▶ _Exercise instructions_: Wherever a picture appears in the listing below, leave it out and reproduce the rest exactly.

▶ _Raw data_:
┏━━

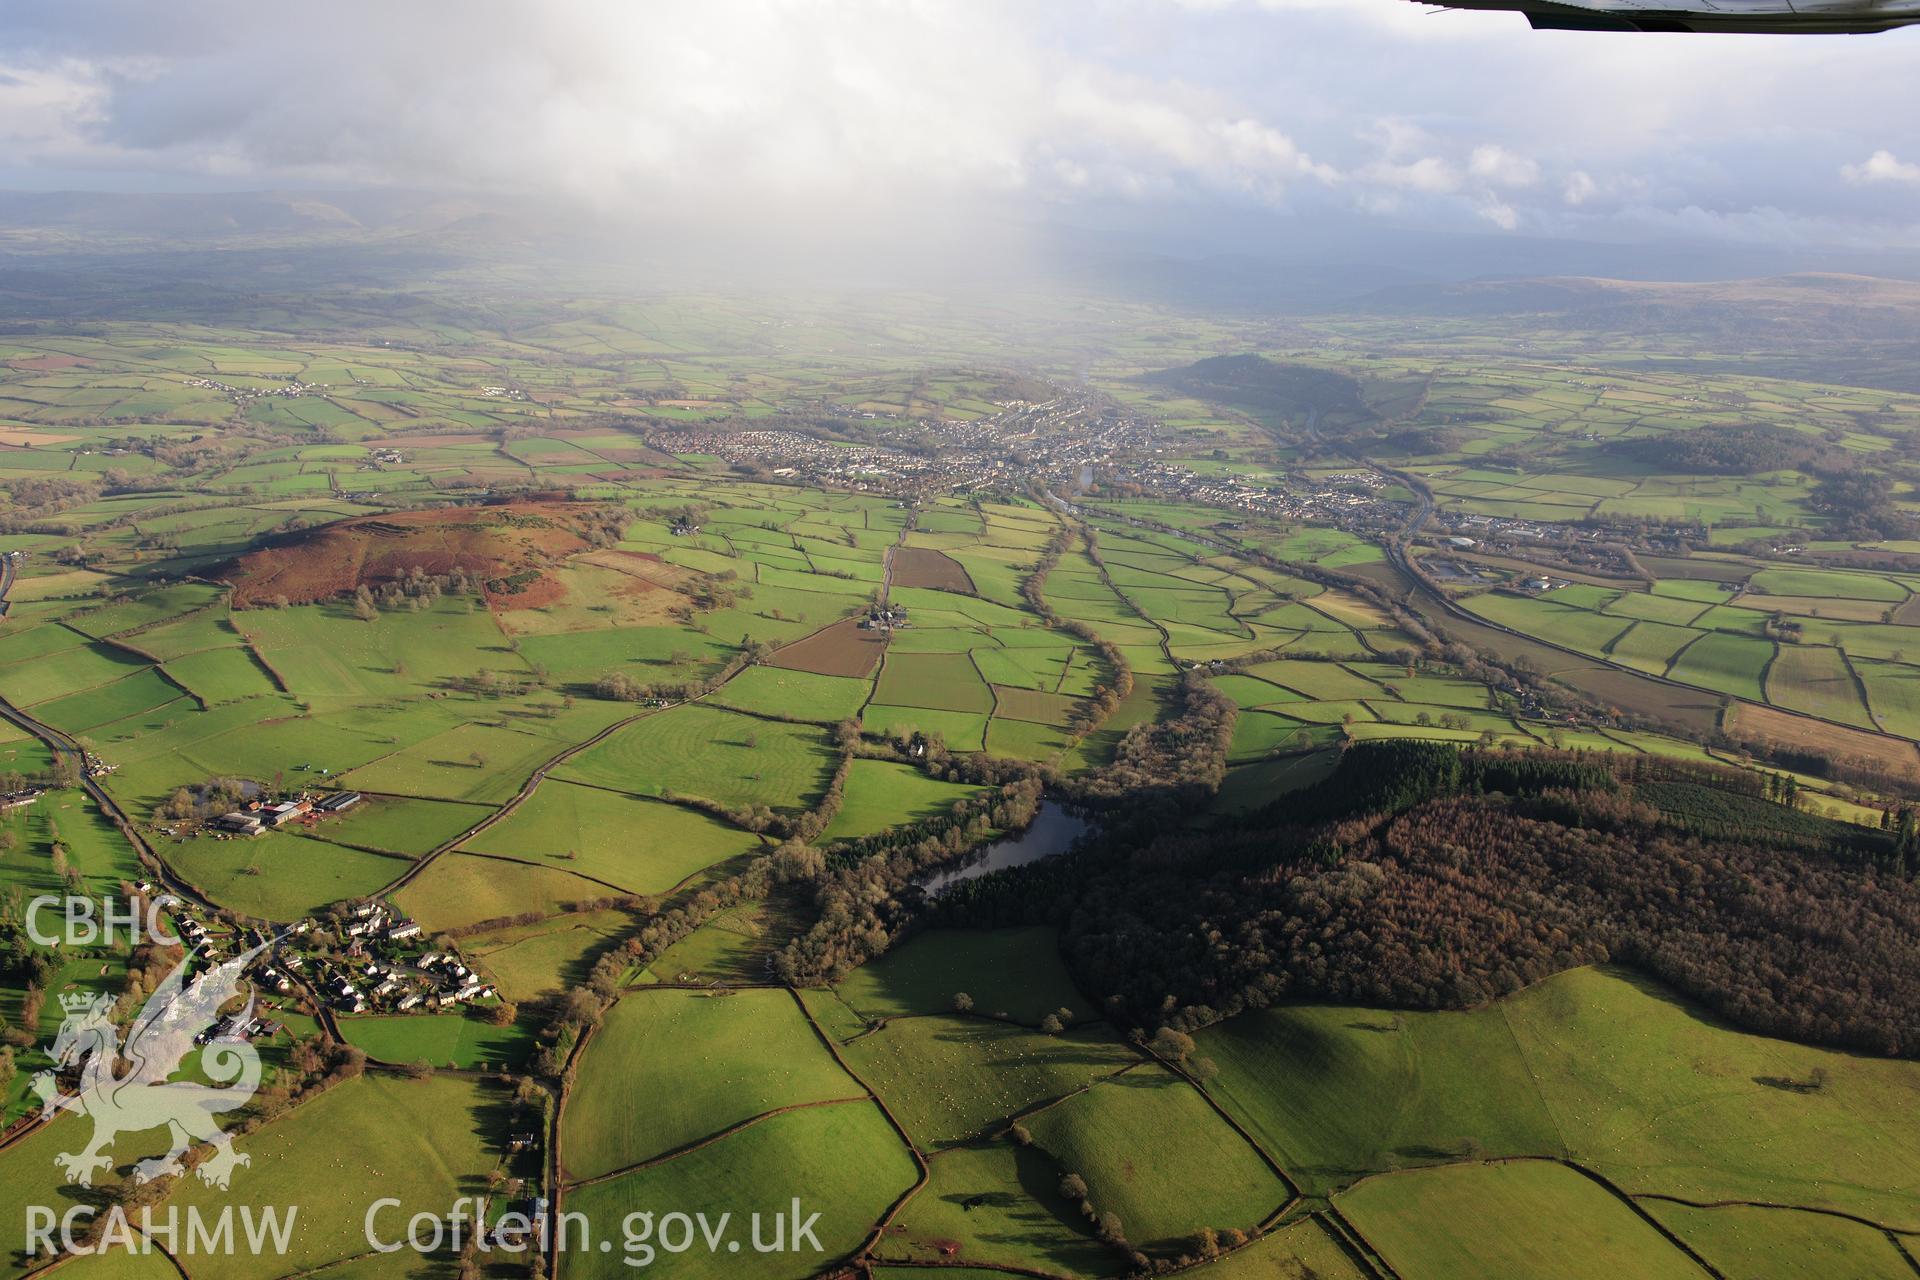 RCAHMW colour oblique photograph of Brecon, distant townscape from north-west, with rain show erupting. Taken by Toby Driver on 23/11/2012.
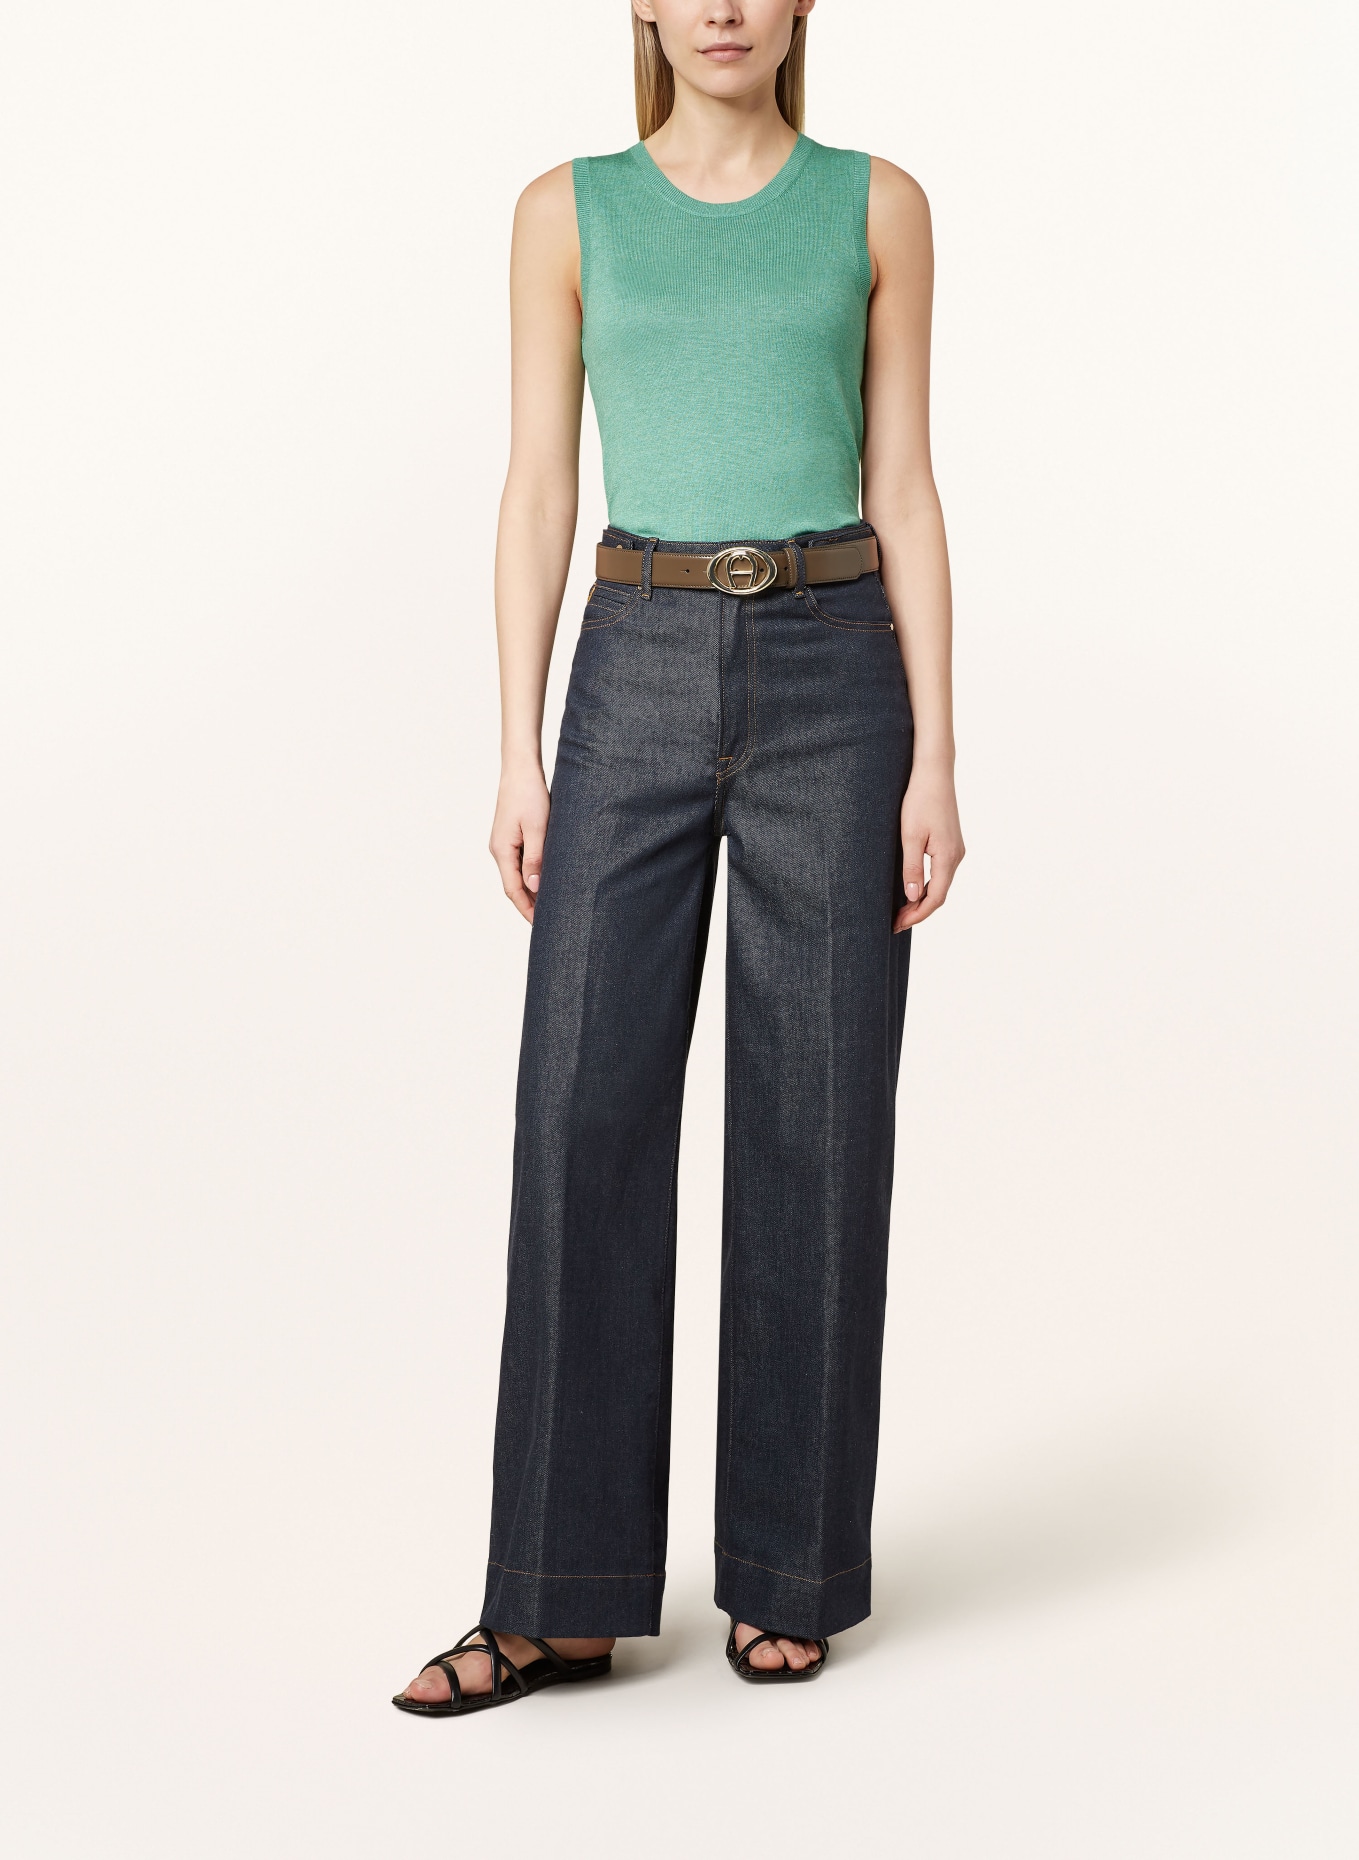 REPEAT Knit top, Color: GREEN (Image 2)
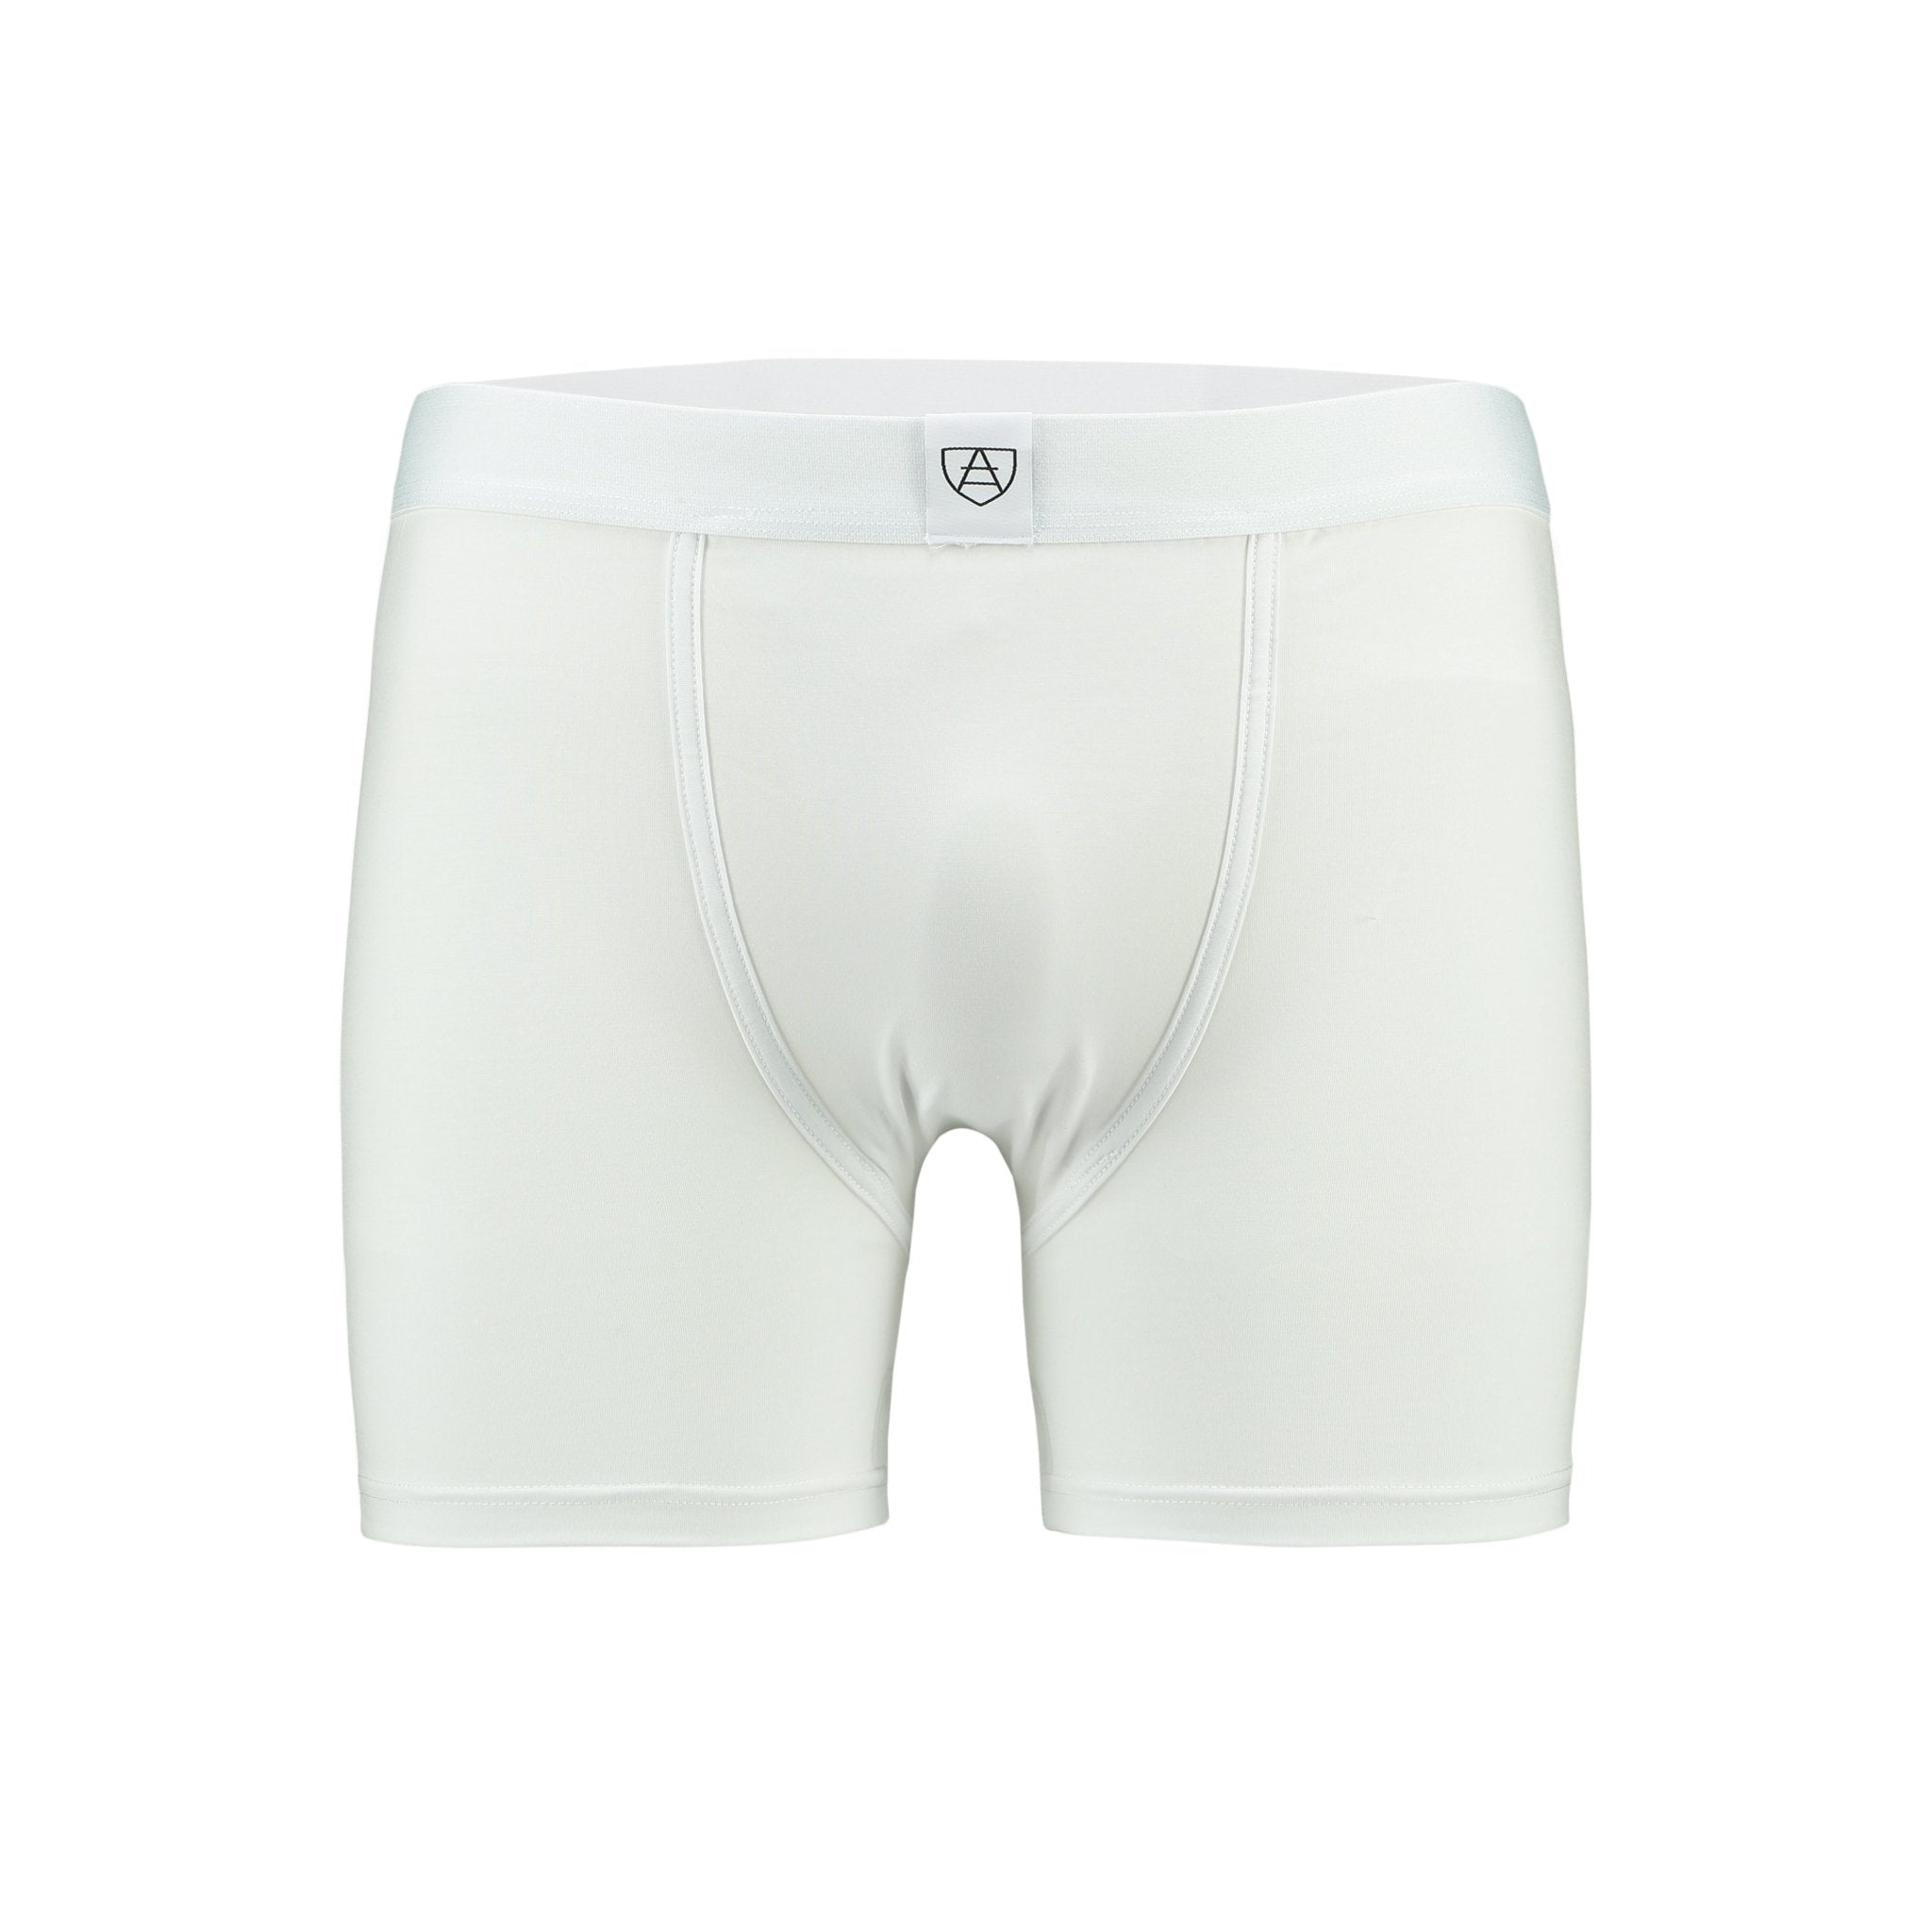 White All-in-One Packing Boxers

┗━━

▶ _Answer box_:
 RCAHMW colour oblique photograph of Brecon, distant townscape from north-west, with rain show erupting. Taken by Toby Driver on 23/11/2012.
 REPEAT Knit top, Color: GREEN (Image 2)
 White All-in-One Packing Boxers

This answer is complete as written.